Sunday, March 13, 2011

Even in our brokenness...

It's a classic episode in most sitcoms: While their parents are away, the kids play ball in the house or have a wild party or do something or another that breaks their mom's favorite vase or lamp or figurine. Because there is still time before their parents are due home, the kids gather up the pieces and glue them together. Then, usually one of two things happens: 1) the vase or lamp or figurine looks like it did before it was broken, but when Mom gets near it, it shatters into pieces because the glue doesn't hold, or 2) the kids get nearly the whole vase or lamp or figurine put back together before they realize they're missing a piece, so they try to position the said object in such a way that no one would notice. In the end, the kids usually end up confessing to their parents, which would have been the easiest solution to the problem to begin with, but that's why I'm not a sitcom writer (among other reasons).

I've been thinking a lot about brokenness, not in terms of vases or lamps, but in terms of people. It seems like lately the news has featured story after story of people's lives and families being torn apart by natural disasters, war, crime, death, abuse, addiction, illness, deceit, selfishness, pride, you name it. And then there are the stories that aren't on the news--the personal fractures each one of us has. Some are obvious and some hidden from view, but all of them leave us bleeding and aching.

We live in a culture that doesn't look too kindly on broken people. Broken lives are messy, and broken families are complicated. Look at Humpty Dumpty; he's still splattered all over the sidewalk because not even the king’s best men could mend him. Bookstores have scores of resources to help people fix their lives, and well-intentioned organizations want to offer a hand, but given Humpty’s situation, it’s easy to give up hope.   

I asked Kev about the physics involved with gluing something back together. If a person had all the pieces to, say, a broken vase or lamp, and glued them exactly in place, would the glue hold? Kev said it would depend on the strength of the glue. When it comes to putting together the pieces of a broken life or family, the glue is going to make all the difference.

For some people, bitterness is the first glue of choice. I’ve been there. It feels good at first to get really angry and focus all one’s energy on how unfair everything is. It’s quite convenient to blame someone or something else for the internal damage and to let resentment reign over reason. But that bitterness is gangrene in a wound, and after a while, the poison spreads to relationships and hurts other people. It seems like quick fix, but like the vase that shatters in the sitcom, the glue of bitterness doesn’t hold.

Then there’s the problem of the missing piece. I’ve been there too. Maybe through sheer will power we think we’ve managed to pull ourselves out of the mire and, one painful piece at a time, put the fragments together…only to end up with a hole. So we try to fill the hole. Maybe we try to keep ourselves busy all the time so we don’t have to think about it. Maybe we try all kinds of new things and make all kinds of big plans and try to find joy in it all, but we can’t because there’s something missing. Some people look for relief in a bottle or in a one-night stand or in the accumulation of more and more “toys,” but that missing piece continues to be missing.

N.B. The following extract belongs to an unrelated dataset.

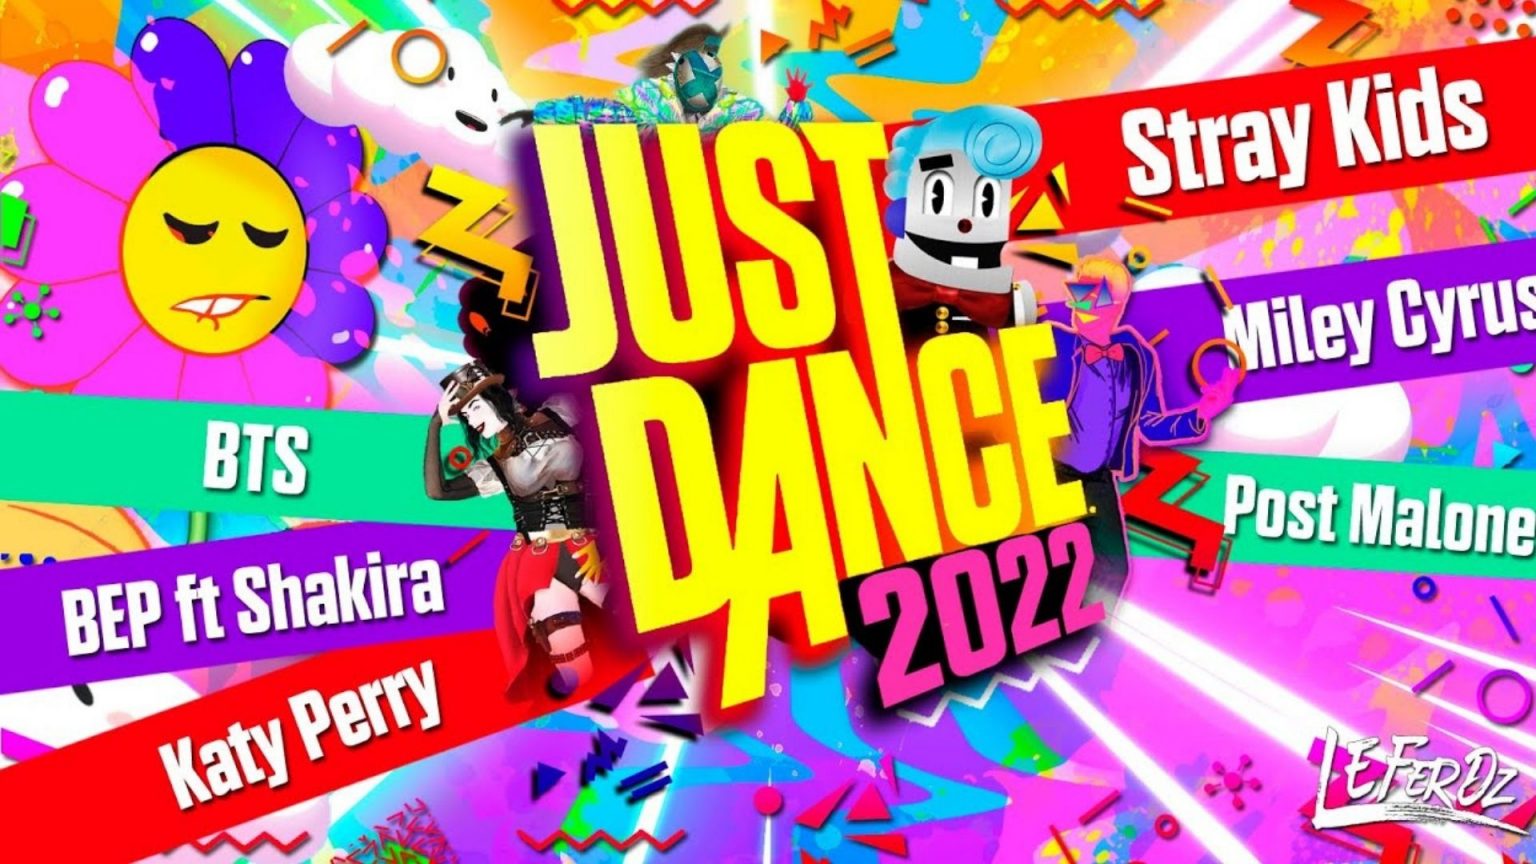 Just Dance 2022 Trailer Features Todrick Hall

That’s when we go to our Father and confess. That’s when we lay our broken heart or crushed spirit down at our Savior’s feet and pray for healing. He’s been waiting for us to come to him; he’s been reaching out his hands this whole time. He binds together the pieces of broken lives with forgiveness and grace, giving us the strength to forgive and offer grace to others. He reinforces the bonds with a peace beyond our biggest expectations that enables us to accept our circumstances with hope and trust his sovereignty.

When we go to Jesus to put us back together, there are no missing pieces in the end, but there are changed lives. Like anything that’s been broken and put back together, we’re not going to be the same as we were before; the cracks are going to show. A person broken and made whole again will have scars. Someone who has lost a love one will need to mourn. A reconciled family will need to learn to trust again. But with time, the scars fade. And with Jesus walking beside us, one day at a time seems the perfect pace.

The LORD is close to the brokenhearted
and saves those who are crushed in spirit.